Wednesday, December 25, 2013

Becoming Santa (2011)

I stumbled across this on Netflix, where it stood out like a sore thumb. I'm used to seeing Christmas stuff there, of course, but this really jumped out at me. Why? Netflix, for those who don't know, gives everything an estimated rating, based on your personal ratings of things you've watched previously. So in a sea of items marked with one or two stars, this was rated at four. We put it on before we even realized it was a documentary.

The movie follows the adventures of Jack Sanderson as he sets out to become one of the countless Santa Clauses who appear every Christmas. Occasionally, the documentary cuts away to interviews with a slew of experts and Santas who have been at the game longer.

There's an awful lot to like here. The documentary begins with Jack having his beard and hair bleached, a process that turned out being pretty unpleasant (well, unpleasant for him - it was hilarious to watch). He then took a two-day course in becoming Santa Claus and headed to the East Coast for a series of gigs in Massachusetts and New York.

Jack's story was fun, and he certainly offered a good point-of-view. He approached the whole thing sincerely but kept a sense of humor and never seemed to lose his perspective. But the real stars were the peripheral characters: the eccentric woman running the Santa school, the stereotypical Bostonian who hired Jack for a parade, the veteran Santas interviewed, and - of course - the kids.

The historical tangents were decent overall. I was glad to hear the Coke archivist discredit the myth that his company's ad campaign invented the iconic Santa suit, and there was some good info about Black Peter. I'd have preferred a little less time be given to the head of the St.

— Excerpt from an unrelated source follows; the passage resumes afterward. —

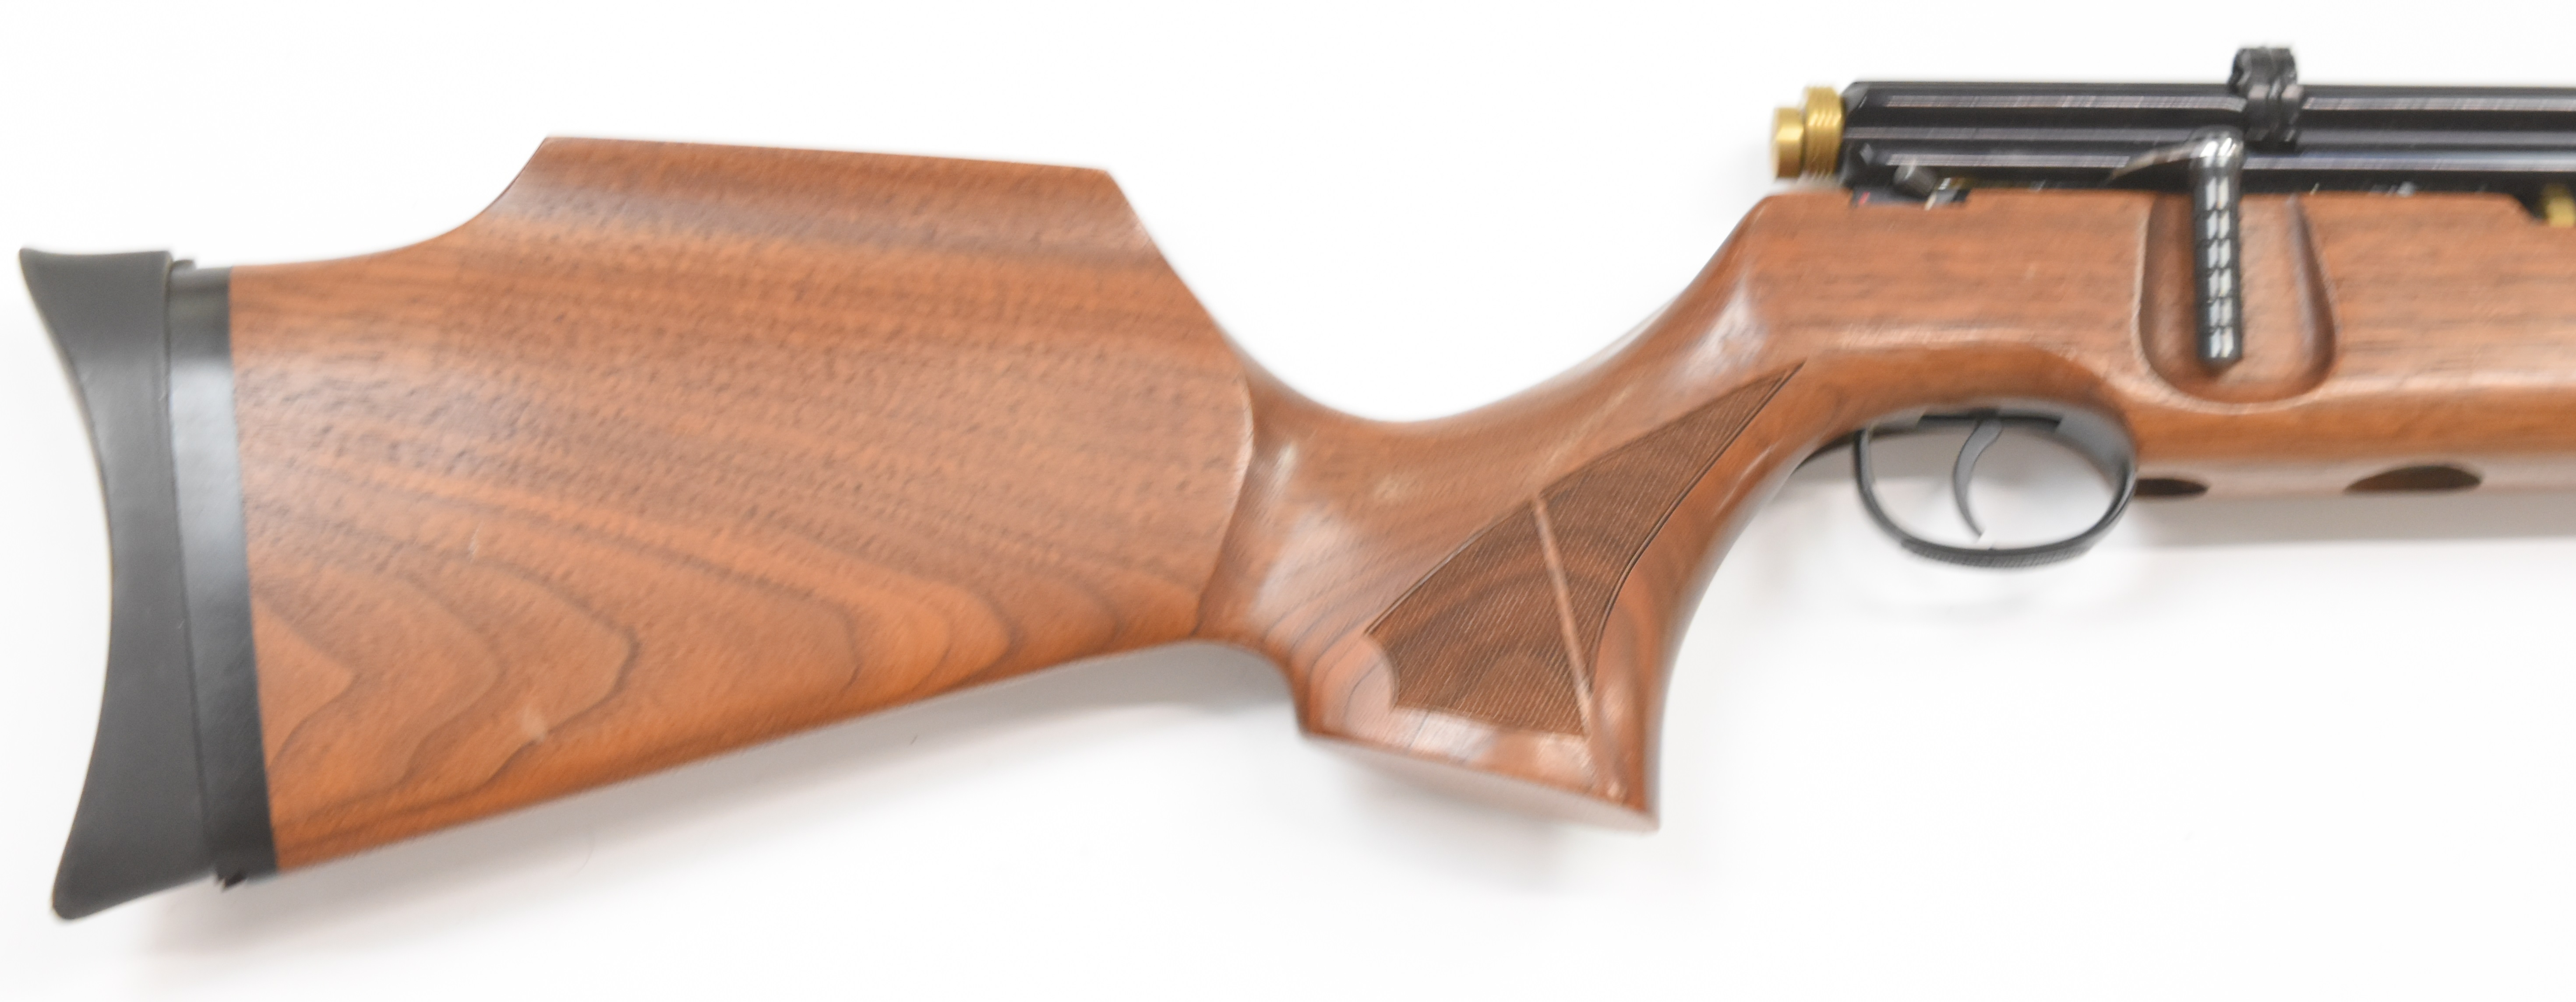 FX Cyclone .22 FAC PCP air rifle with textured semi-pistol grip and forend, raised cheek piece, - Image 3 of 10

Nicholas Center, whose analysis seemed questionable to me. I'd also have liked a little time spent on other sources that contributed to the modern Santa. It seems like things like this give credit to either Saint Nicholas or pagan sources, but never both. I'm not sure why.

But those trivial details had little impact on the overall documentary, which was simultaneously witty and sweet. This was one of the best Christmas movies I've seen in a while, and I highly recommend you check it out.